いくら仕事が出来て美人さんだとしても、ある程度年齢制限は存在してます。
・応募条件
各神社でバラバラです。
大抵は女子高校生のみ。もしくは女子大学生も採用する場合もあります。
頭髪は黒で髪型も指定されます。パーマ、ネイル、ピアスなどは不可の場合が一般的です。
やはり巫女さんのイメージを崩さないために厳しい基準が存在します。
・巫女さんの時給
これも神社ごとに異なりますが、時給は良い方だと思います。
混雑状況によっては、延長してもらうこともあります。12月31日の23時から1月1日の2時までは働いてもらうので、労働基準法第37条第4項に従って割増賃金します。最も長くアルバイトすると、15万円前後くらいになると思います。
・仕事内容
接客する仕事以外は、基本的に雑用がメインです。
御守りの補充や名も無き雑務をしてもらってます。窓口では大人達が横入りしたり自分勝手に言ってくる人たちをうまく捌きながら、臨機応変に対応が求められます。
・巫女さんバイトのデメリット
冬休みが潰れてしまい、家族と過ごす時間も減ることです。
何日間雇用するのかは、神社によってバラバラですが、31日の深夜から1日の早朝までは必ず働きます。労働基準法に従いつつシフトは、マックスで入れて欲しい神社もあります。
では、神主さんのアルバイト求人の実情は、どうでしょうか?
神社のアルバイト 神主のアルバイト
アルバイトは無いです。
大きな理由は、『神職資格』が必要だからです。
もしあったとしても、いきなり祝詞(のりと)を奏上するのは超難しいですし、祭祀の作法を完璧にこなすのはムリです。
大学で4年間作法と知識を身に着けた新人の神主さんでさえ、一発目の祭祀では張り詰めた空気で緊張して、やらかしてしまいます。
特に年末年始の時期は超絶忙しく、エナジードリンクを飲んで目がバキバキになりながら動いています。
初心者のアルバイトの人に頼めないのです。

「いや。ちょっと待って。求人で『未経験OK』であったよ」と言いたくなる人も居るかもしれません。
神社のアルバイト 「未経験OK」の神主さんの求人
筆者も神主を目指している時に見かけたことがあります。
「資格ないけど未経験OKならチャンスある」と喜んでいました。
アレってどういうことでしょうか。
そもそも「神職資格」は国家資格ではなく、日本全国の神社を包括する宗教法人『神社本庁』が与えている資格です。
日本全国にある約8万社ある全ての神社が傘下に入っている訳ではなく、独自の制度を設けて運営している神社もあります。
それらの神社を『単立神社』と言います。
東京都の『富岡八幡宮』、香川県の『金刀比羅宮』などが挙げられます。単立神社は神社本庁の規定と無関係であるため、一応だれでも奉仕が可能になります。
つまり「未経験OK」の求人は、単立神社が募集している可能性があります。
では、もし資格がなくても実際に採用されるのか疑問が出てきますが、採用される可能性は低いです。
神主の仕事は専門職です。
もう一つの可能性は…
「実は神職資格を持っていたけど、今まで一般企業に働いていた人がウチに転職しても良いよ」と言うパターンかもしれません。
神社業界でも後継者不足問題を抱えています。
「引き継いでくれるならペーパードライバーのような状態でも問題ない」と考えている高齢の神主さんが求人を出す可能性もあります。

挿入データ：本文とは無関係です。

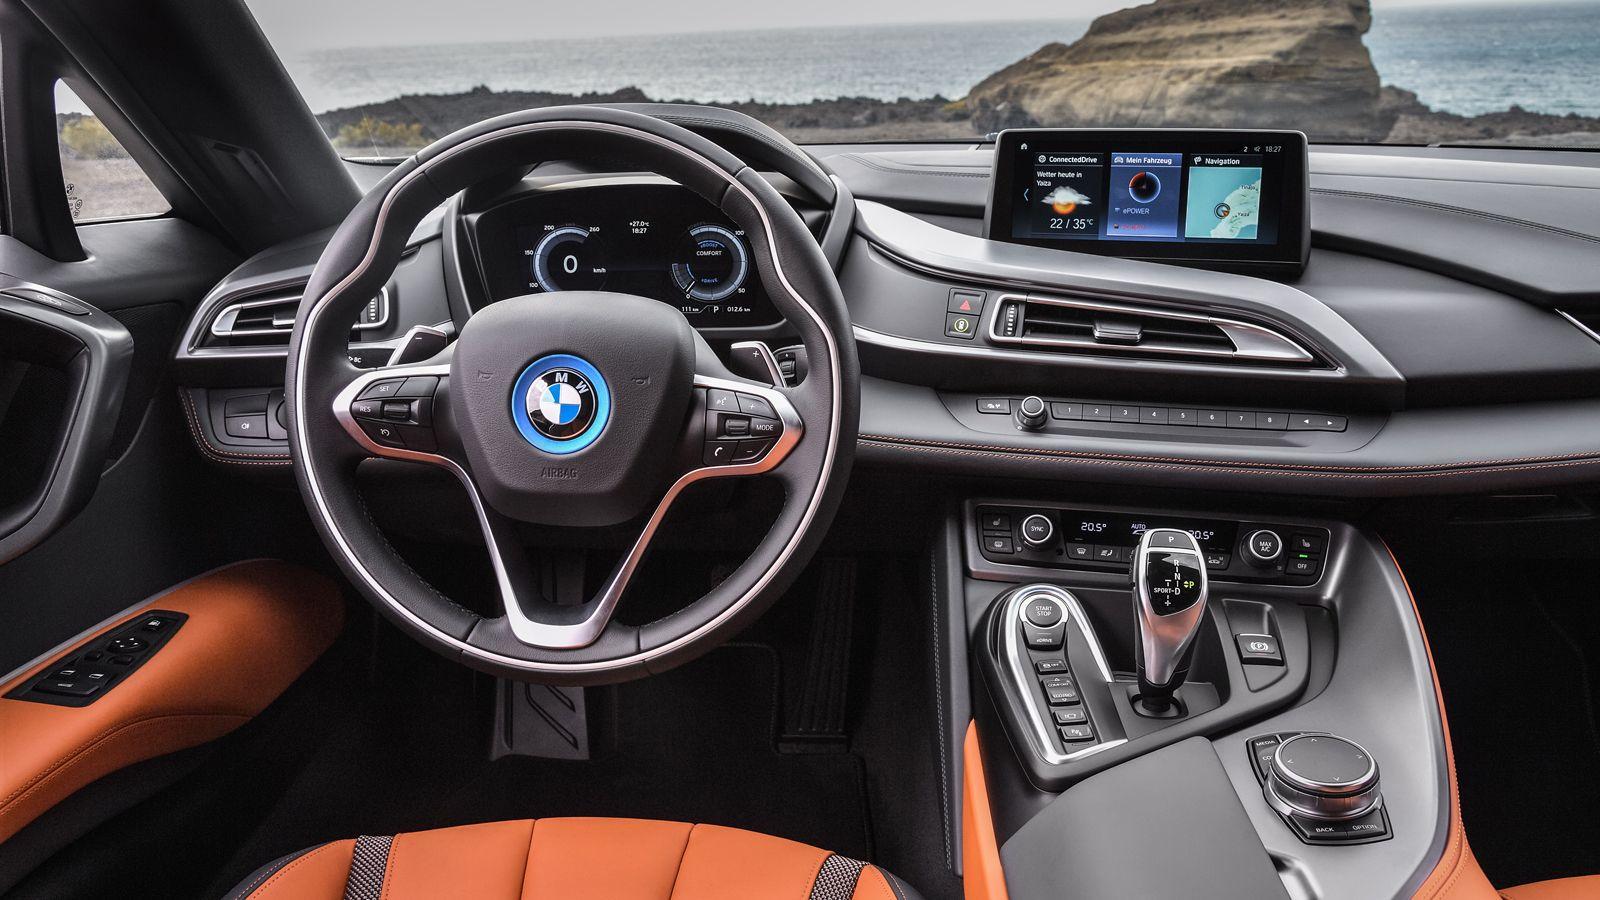 2019 Bmw I8 Roadster Interior

これも気になるなら、勇気を出して問い合わせするしかありません。
神社のアルバイト 普通の求人はあるのか
神主さんのアルバイトがダメなら、別の方法を考えて見ましょう。
伝統行事を行なう為に求人で募集する神社もあります。氏子さんが減少してアルバイトを雇わないと斎行できないものもあります。

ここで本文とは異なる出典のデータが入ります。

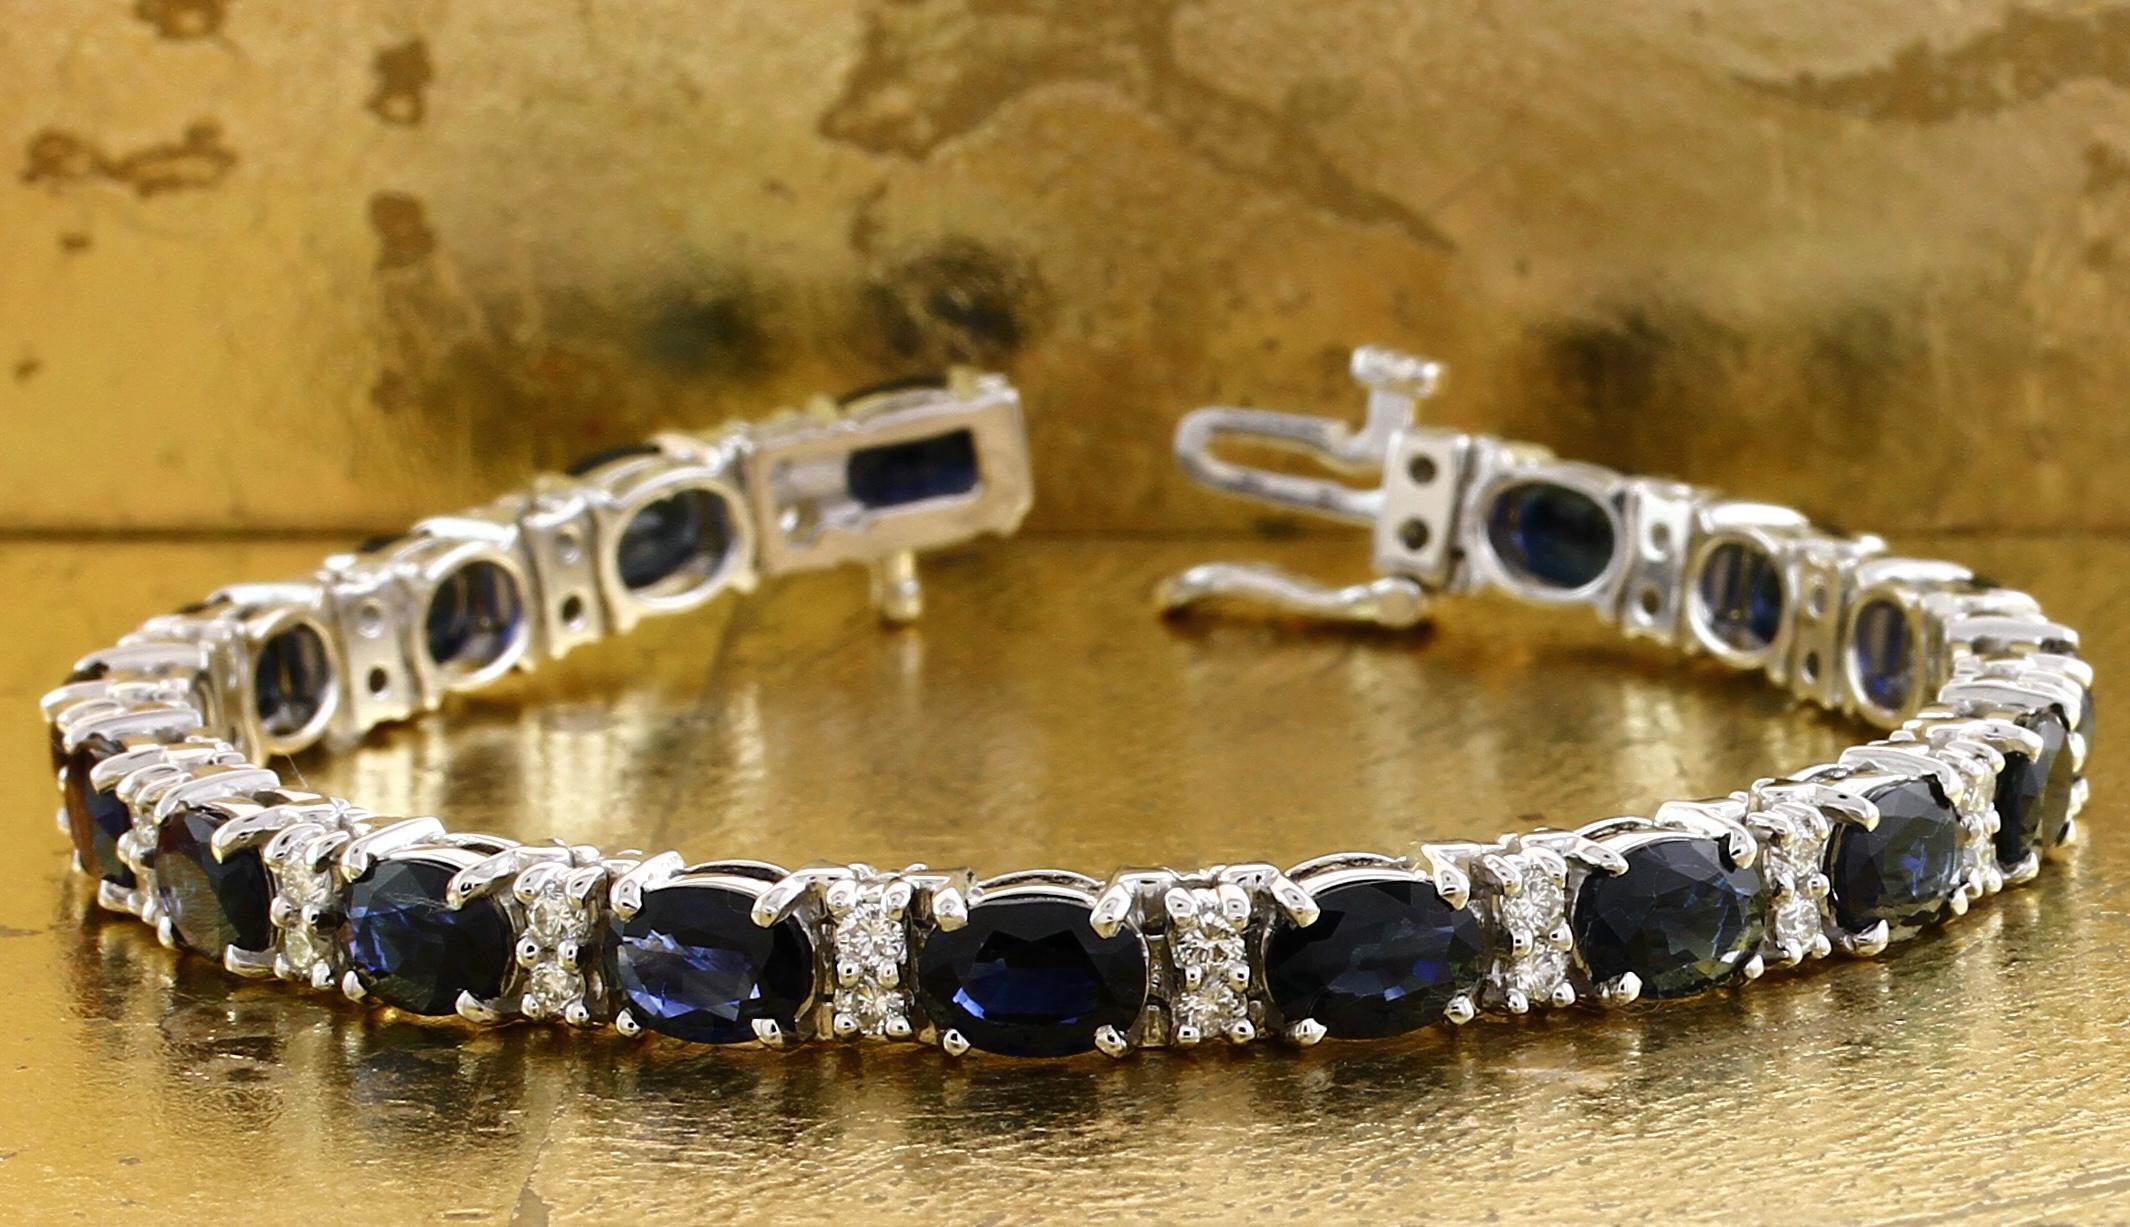 Tennis Bracelet with Oval Sapphires & Round Diamonds - Item No: 0010641

お祭りに参加して、どのようなものなのか知るものアリですし、神社関係者に疑問をぶつけてみるのも良いと思います。
もしかしたら仲良くなって、「お金出すから神職資格取って来て」と言われるかも知れません。知り合いに、このパターンで資格を取得した人がいます。
神主さんになる方法を詳しく知りたい人はこちらを是非読んでください。↓↓
氏子さん減少で年末年始に力仕事を手伝ってくれる男性が足りていない神社が多く存在しています。

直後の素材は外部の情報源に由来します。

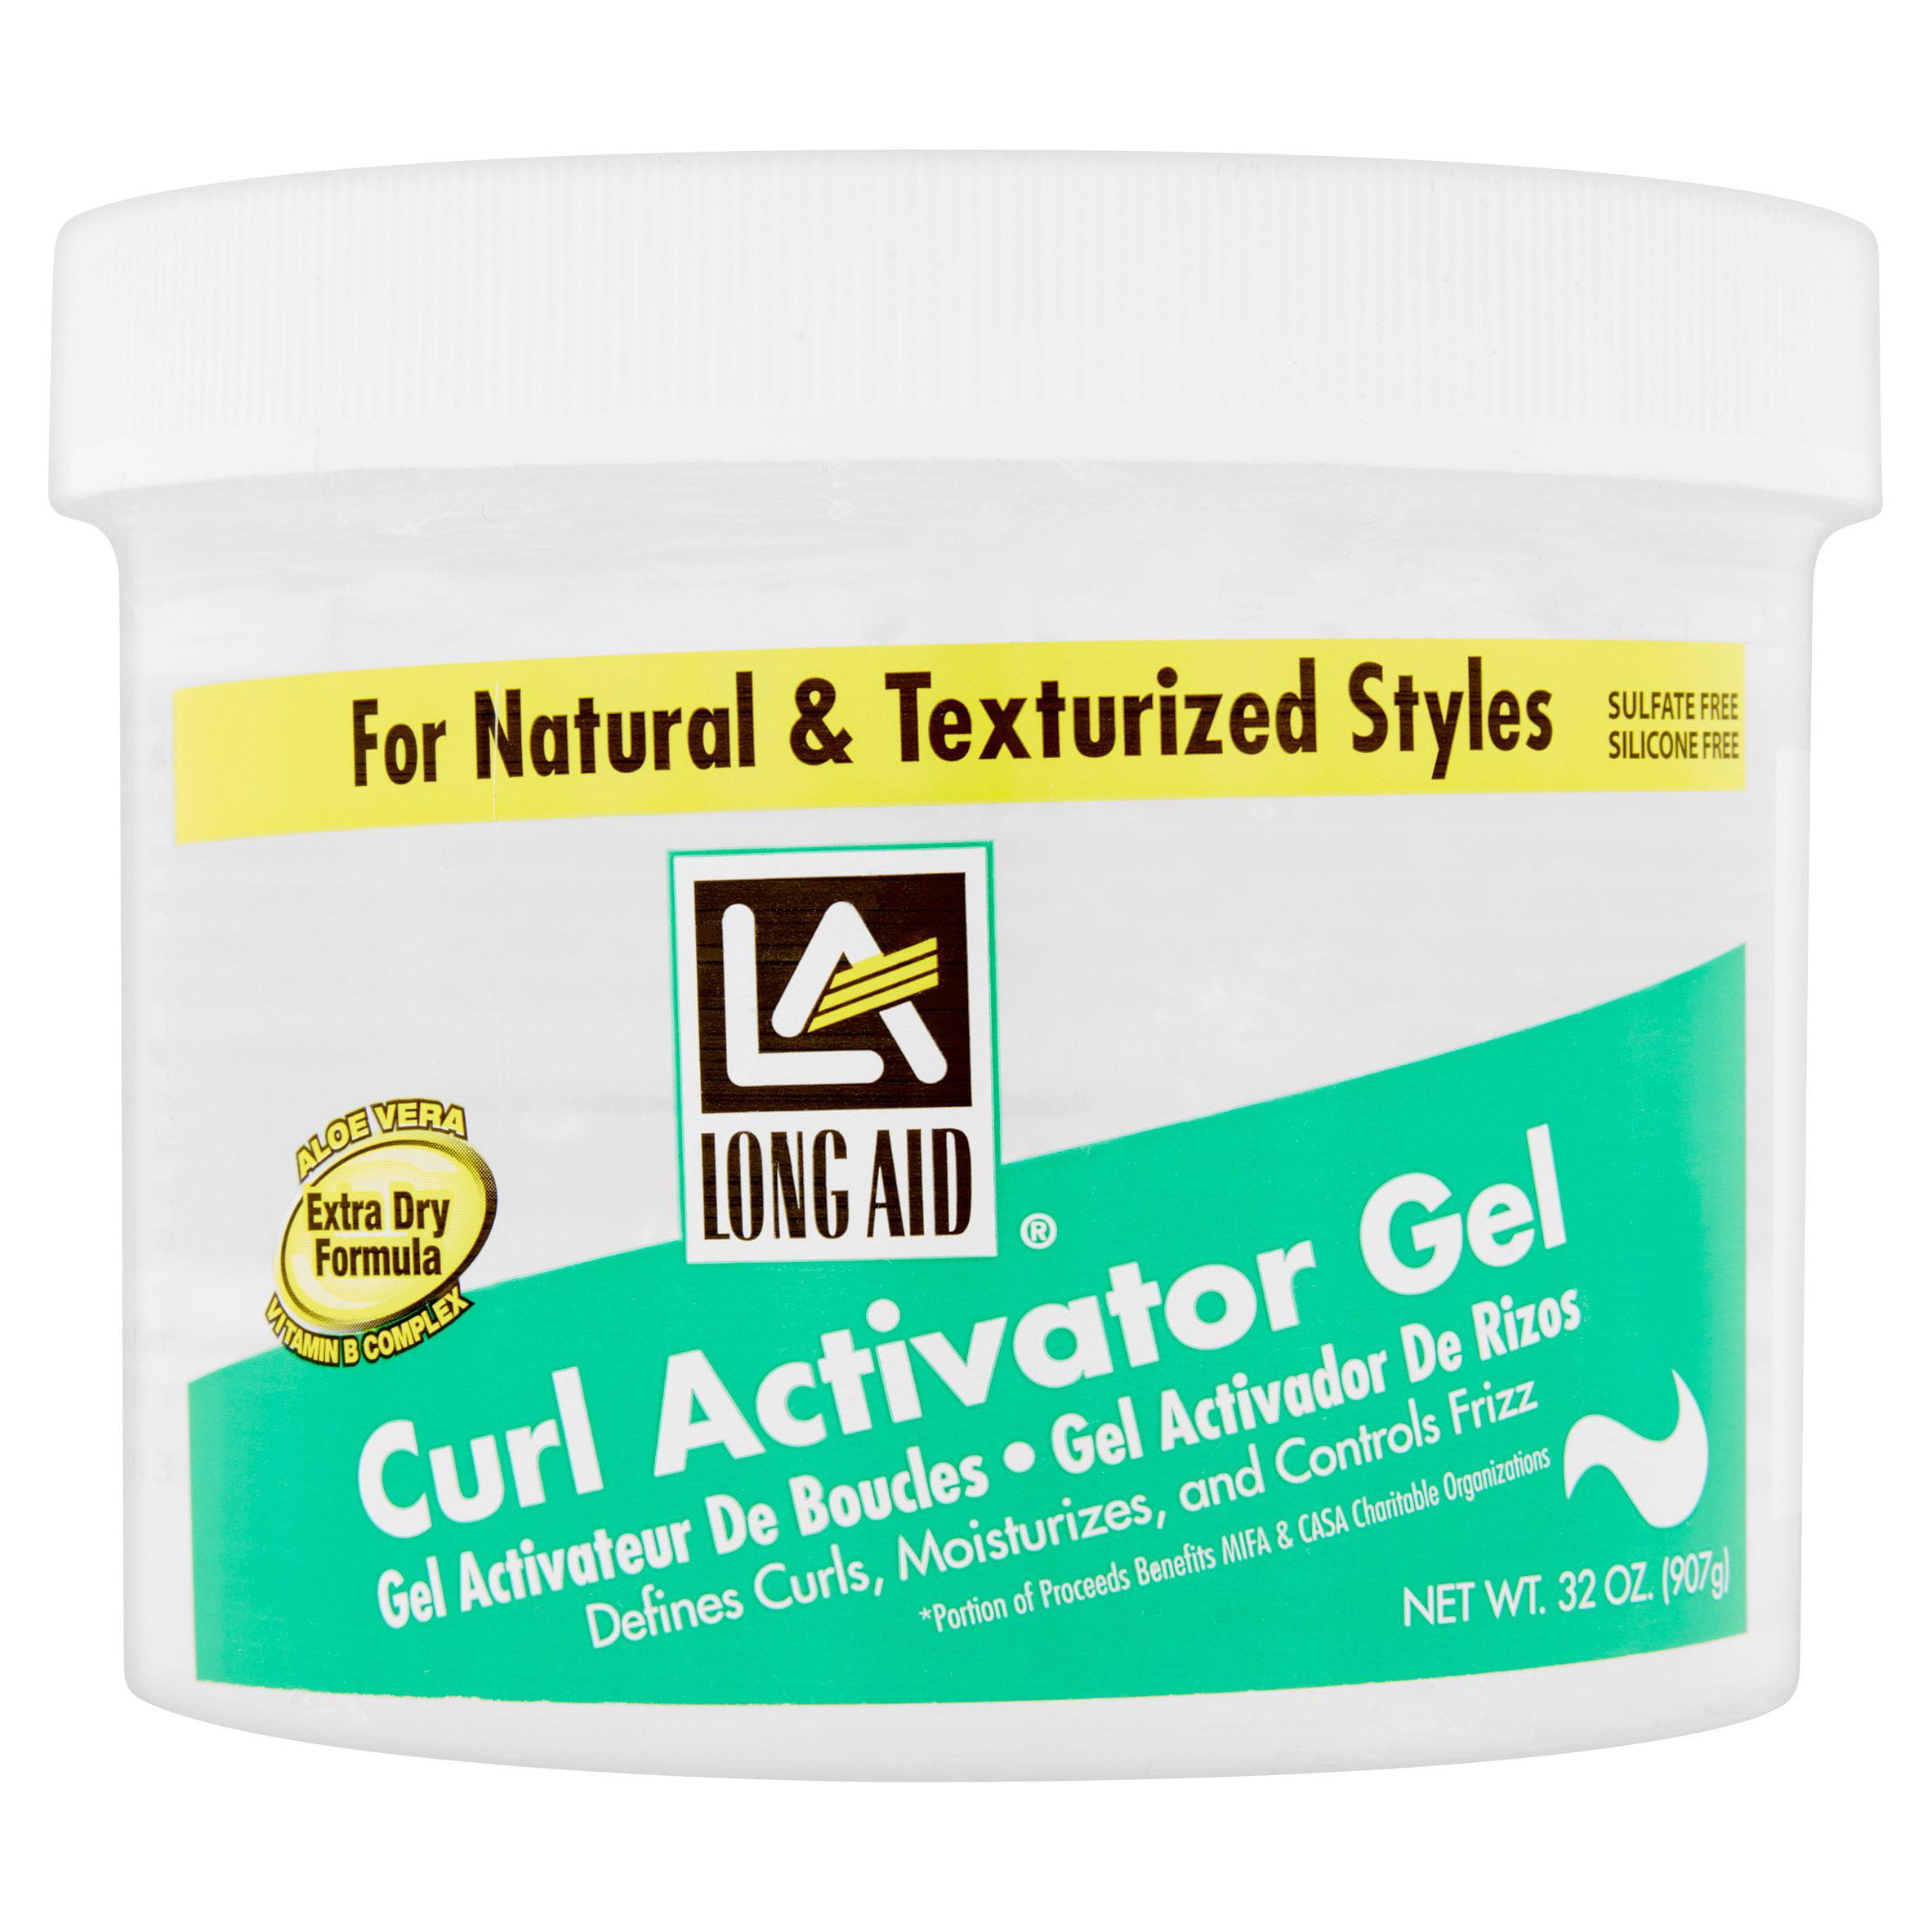 Long Aid® Extra Dry Formula Curl Activator Gel 11 oz. Jar ...

主にテントや看板の設置、誘導などの外作業をしてくれる男性を募集することもあります。巫女さんのアルバイトと比べると短期バイトになりますが、超短期バイトになるのでサクッと稼げると思います。
神社の求人 縁故採用が基本
神社業界は一般企業と大きく異なります。
多くの若手神職(神主さん)は、いづれ実家の神社を継ぐことが多いので、修行目的で神社を選ぶか、直接誘われて奉職神社を決めます。。
たまたま仲良くなった人のお陰で、元サラリーマンが神主さんとして奉職してます。
実は公式に求人を出してないけど、直接問い合わせして希望の神社に奉職した人もいます。意外と対応してくれる神社は多いので、気になる神社に問い合わせしてみて下さい。
神社のアルバイト まとめ
神主さんの代理でアルバイトの人が奉仕することは不可能で、もしあったとしても難易度が非常に高く祭祀をミス無く行うのは現実的ではありません。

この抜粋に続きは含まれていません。